**Exercise objective:** Excluding pictures, reproduce word for word the lines from the one containing "Logik oil heater" through the end of the material below.

**Data:**

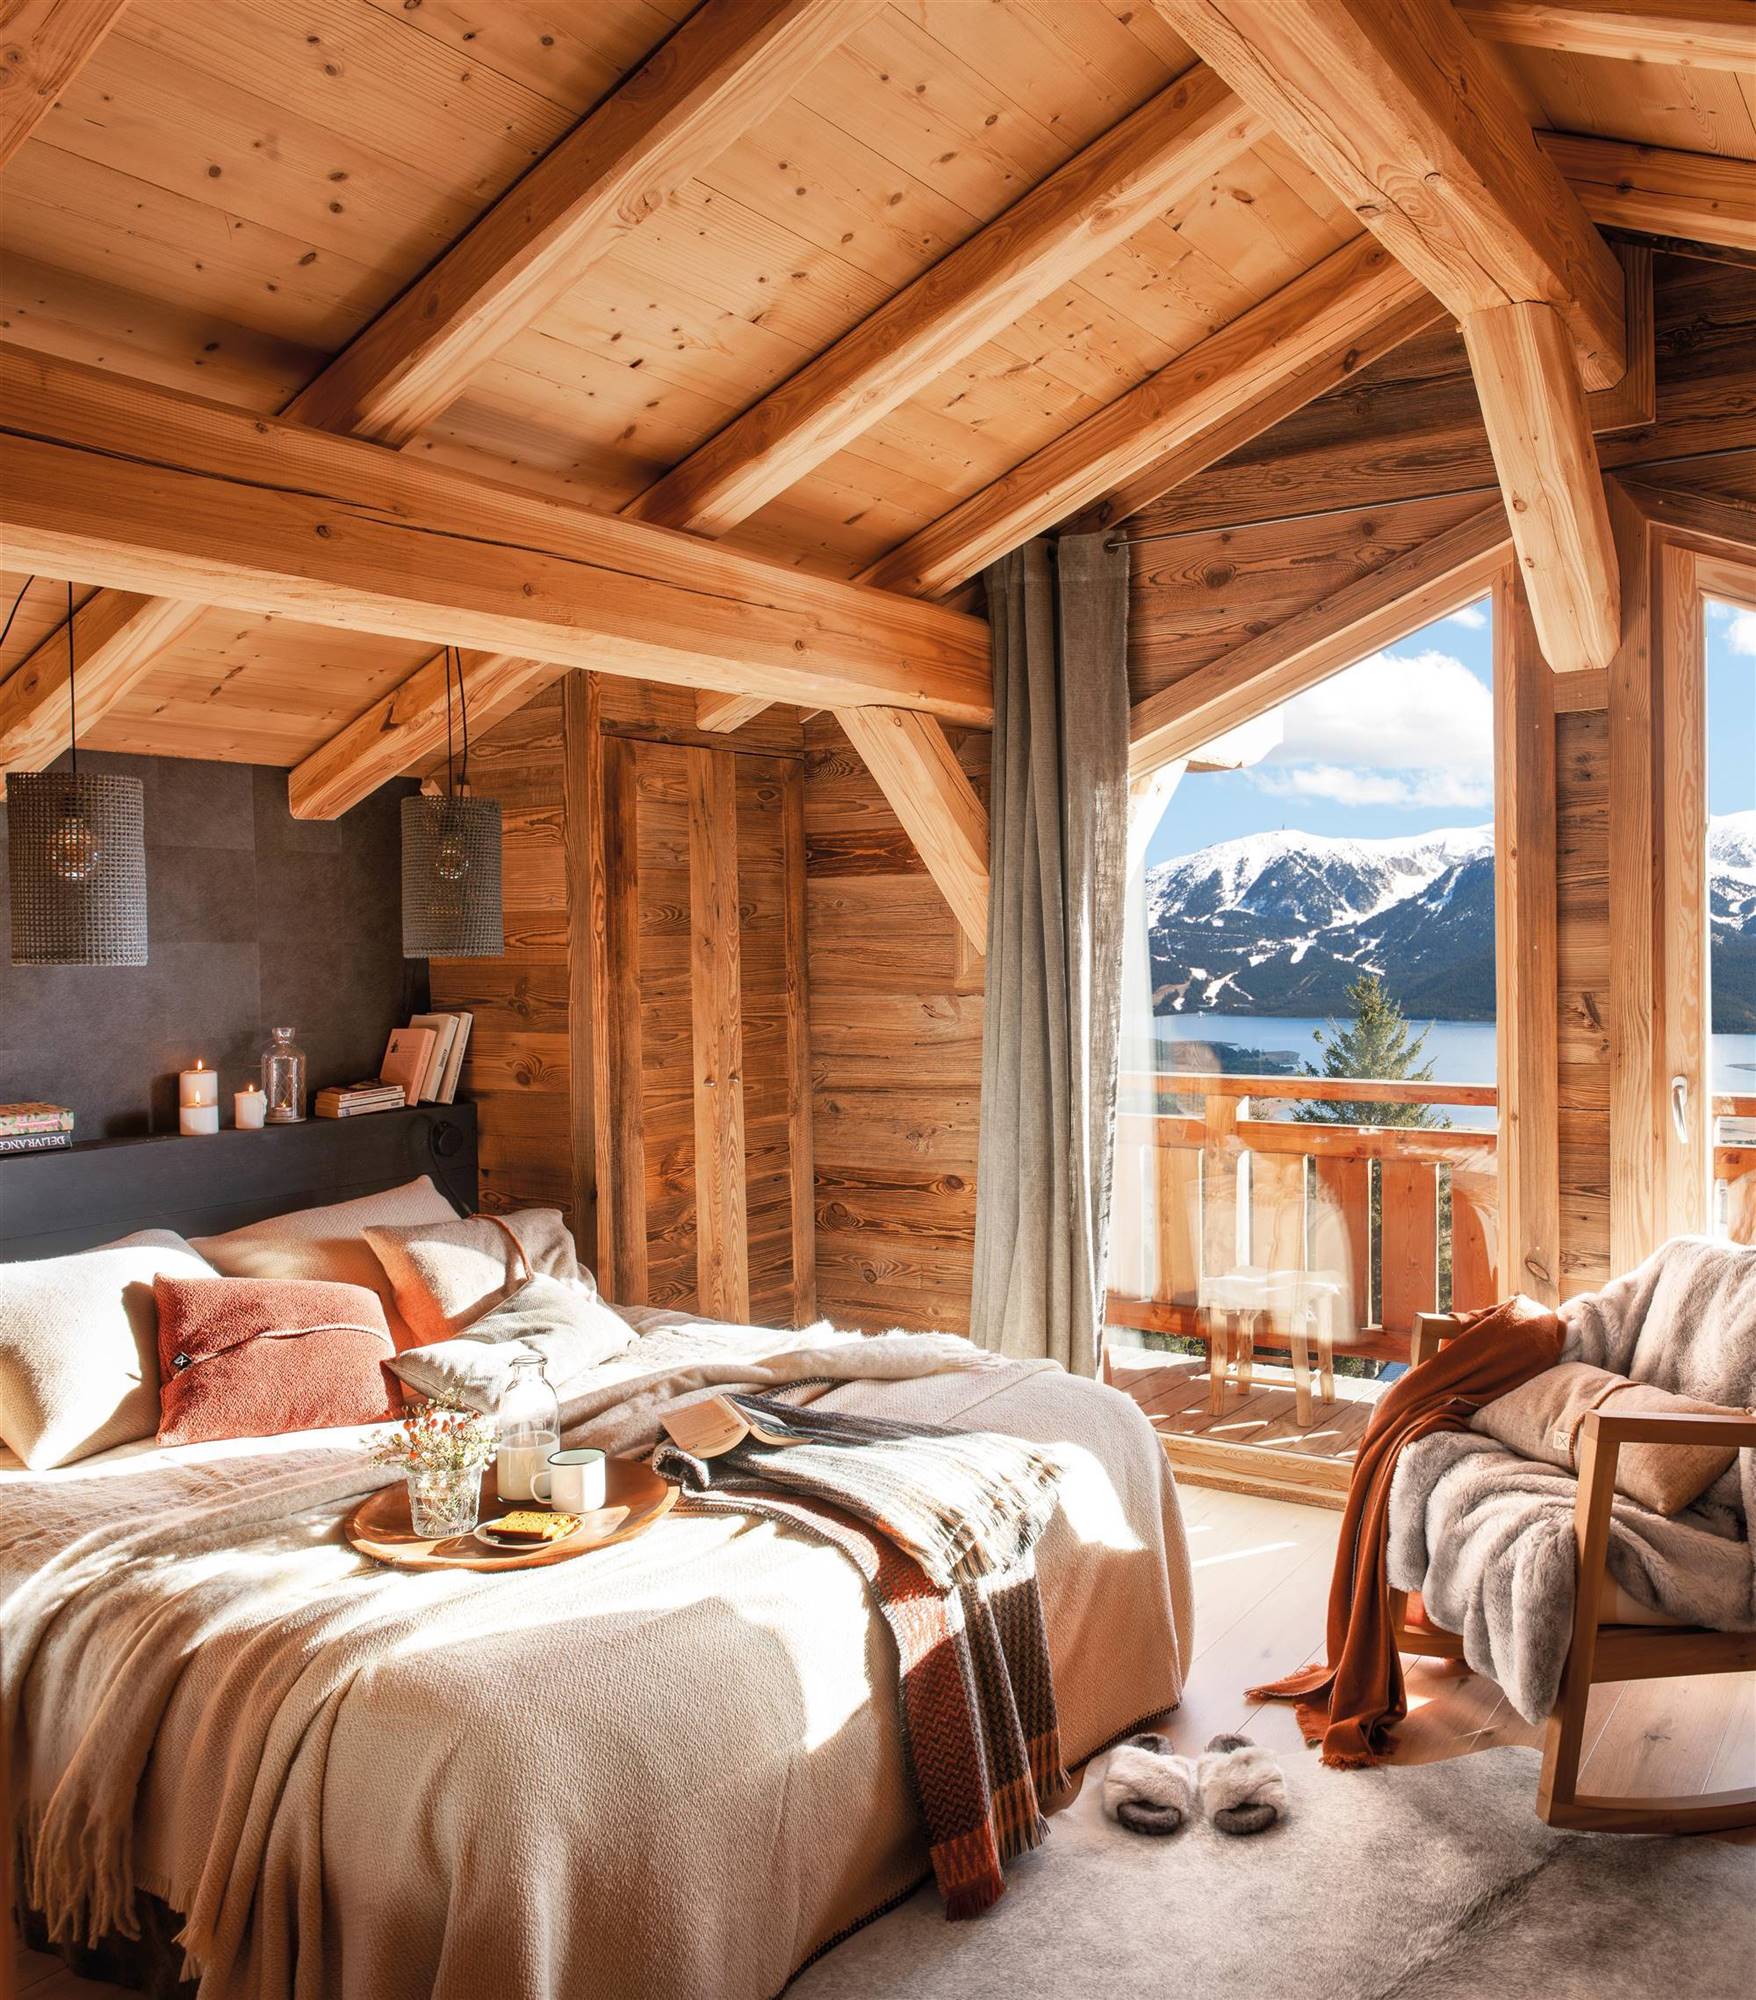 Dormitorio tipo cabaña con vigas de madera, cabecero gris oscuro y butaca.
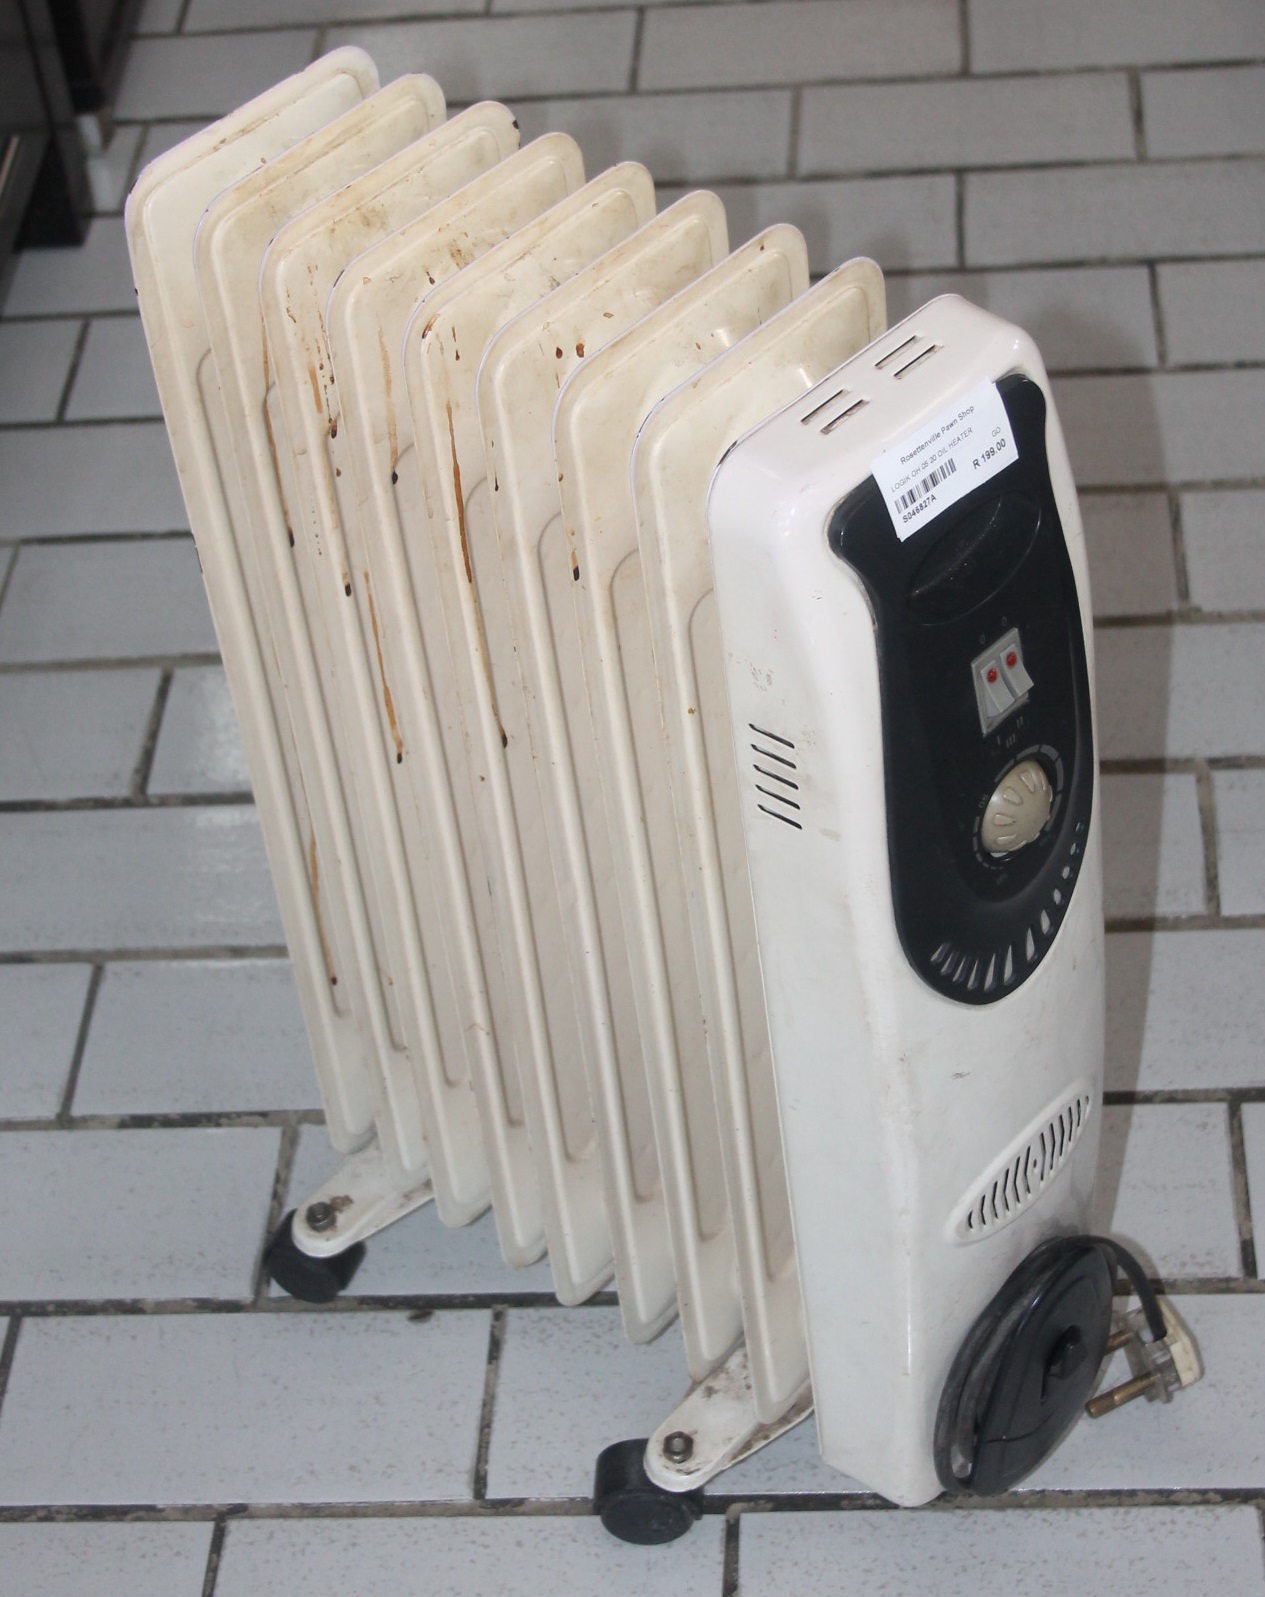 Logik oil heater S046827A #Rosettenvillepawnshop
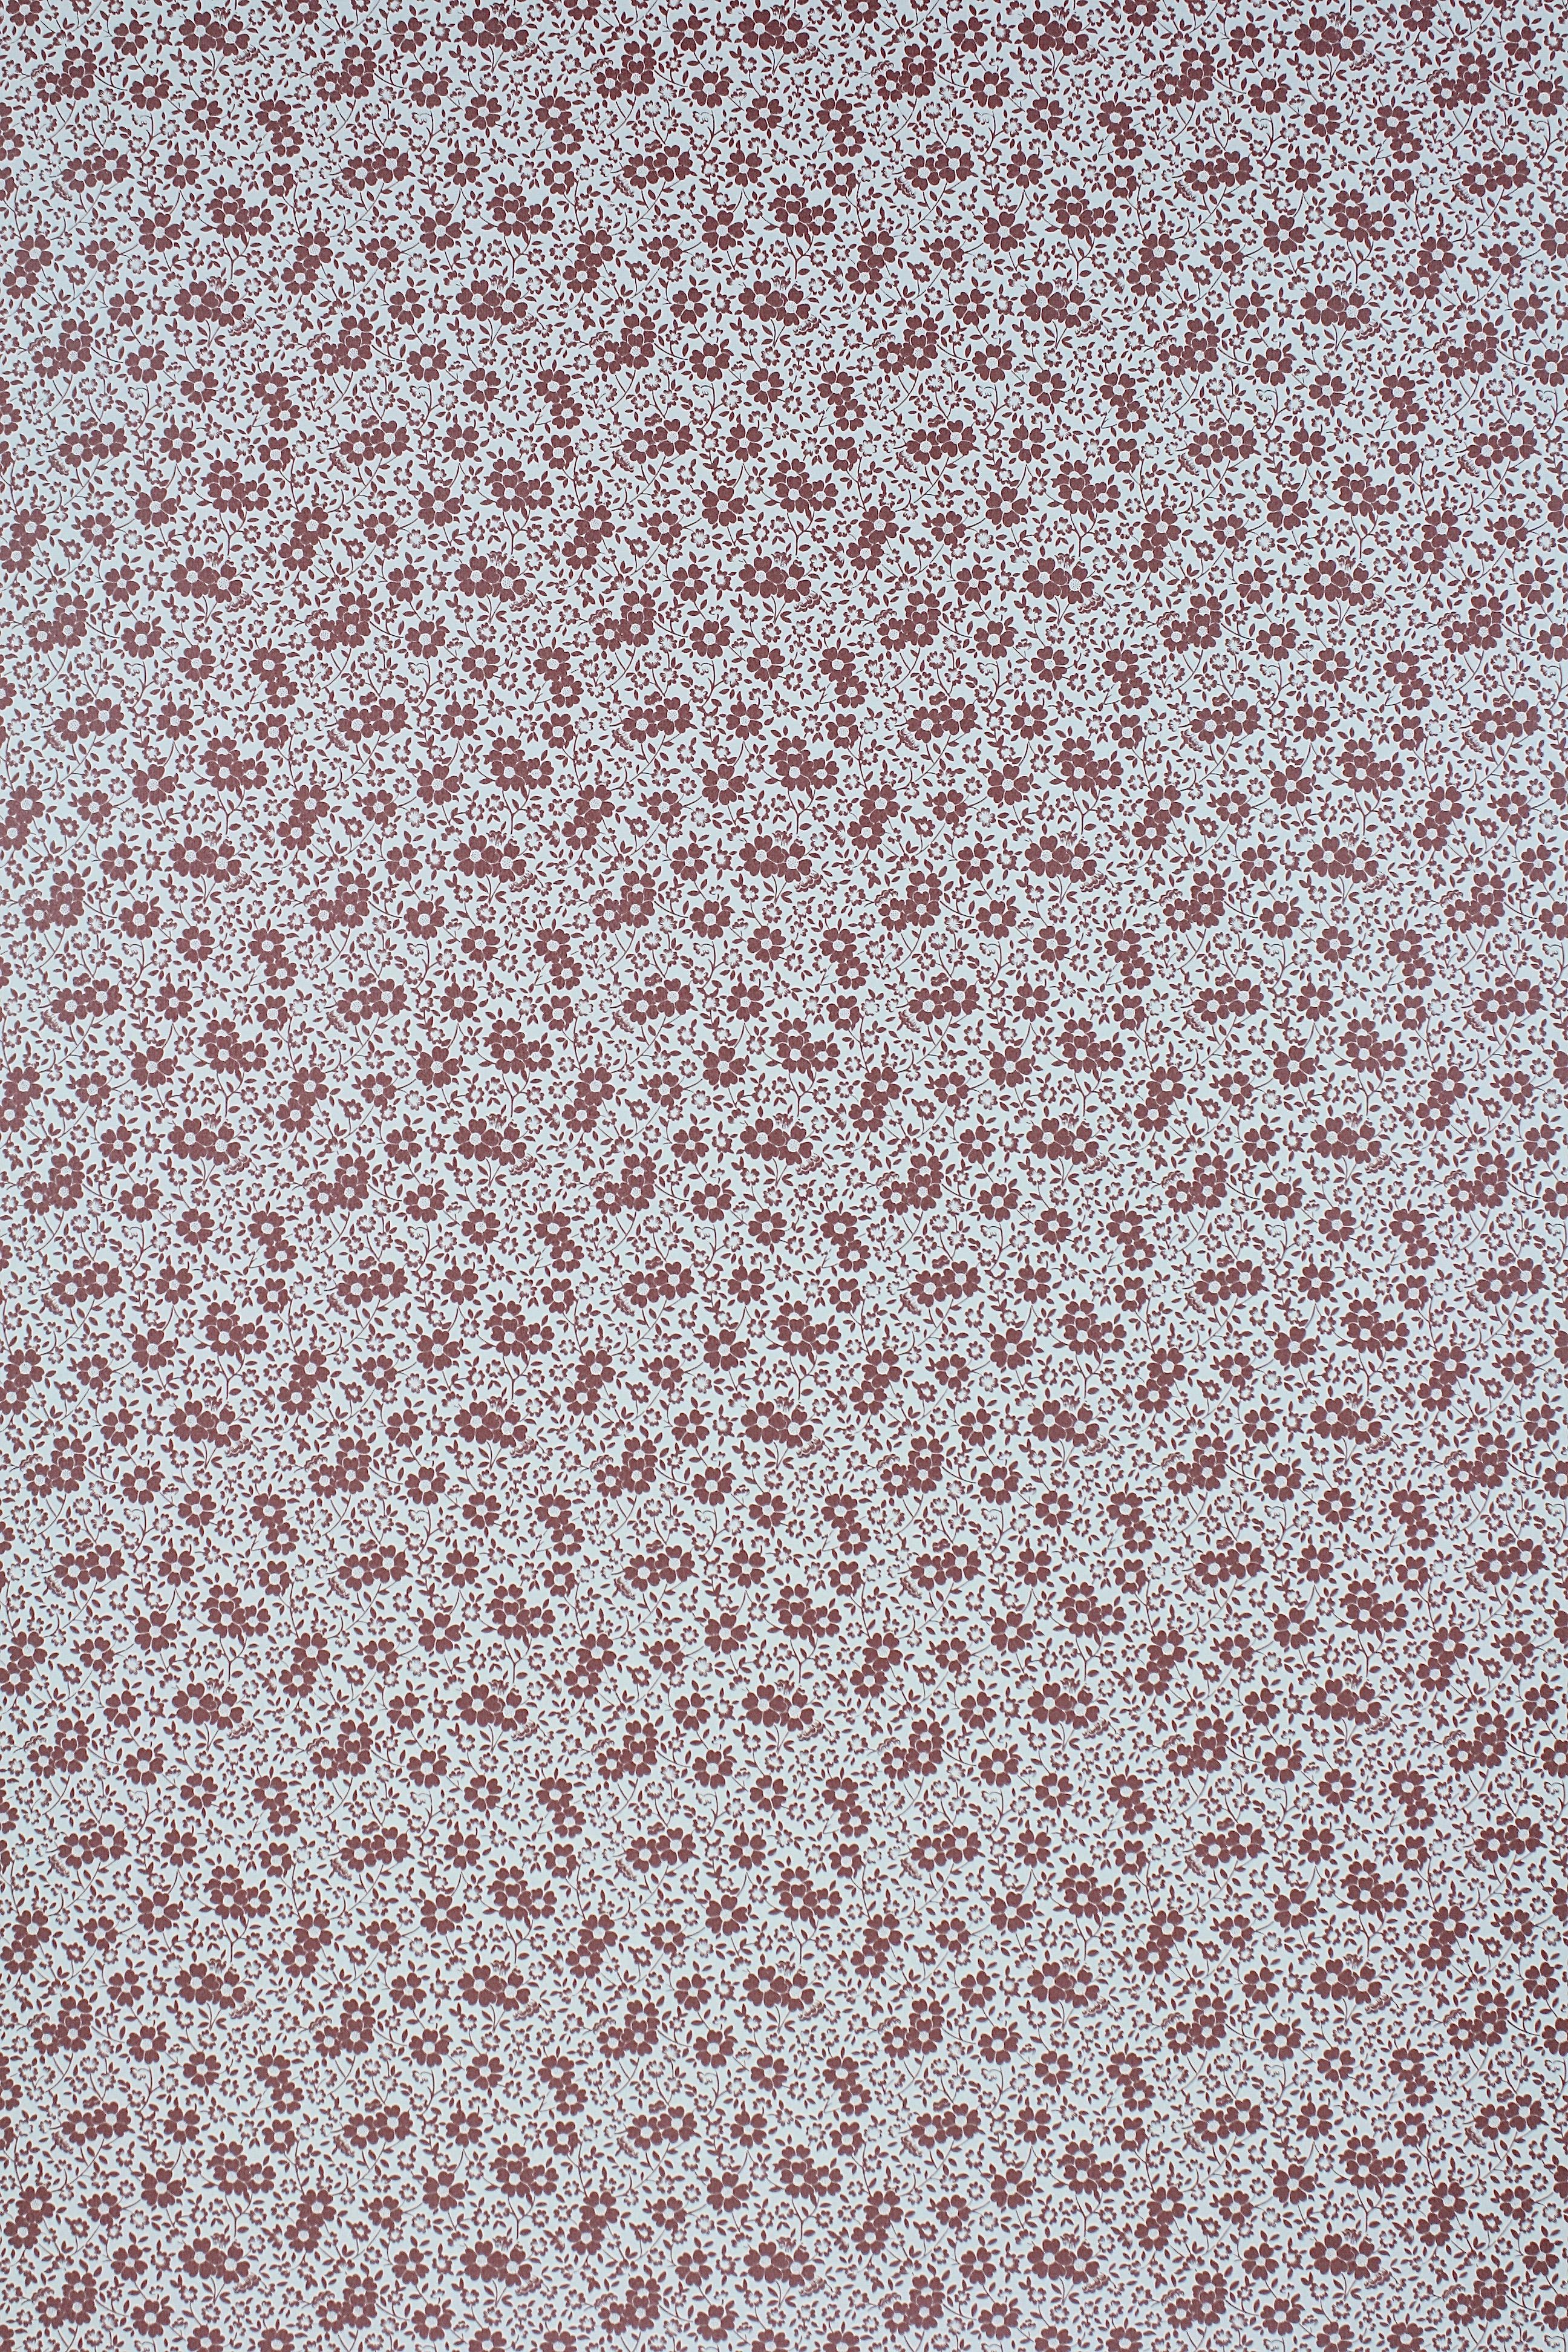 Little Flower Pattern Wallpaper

**Answer space:**
 Logik oil heater S046827A #Rosettenvillepawnshop
 Little Flower Pattern Wallpaper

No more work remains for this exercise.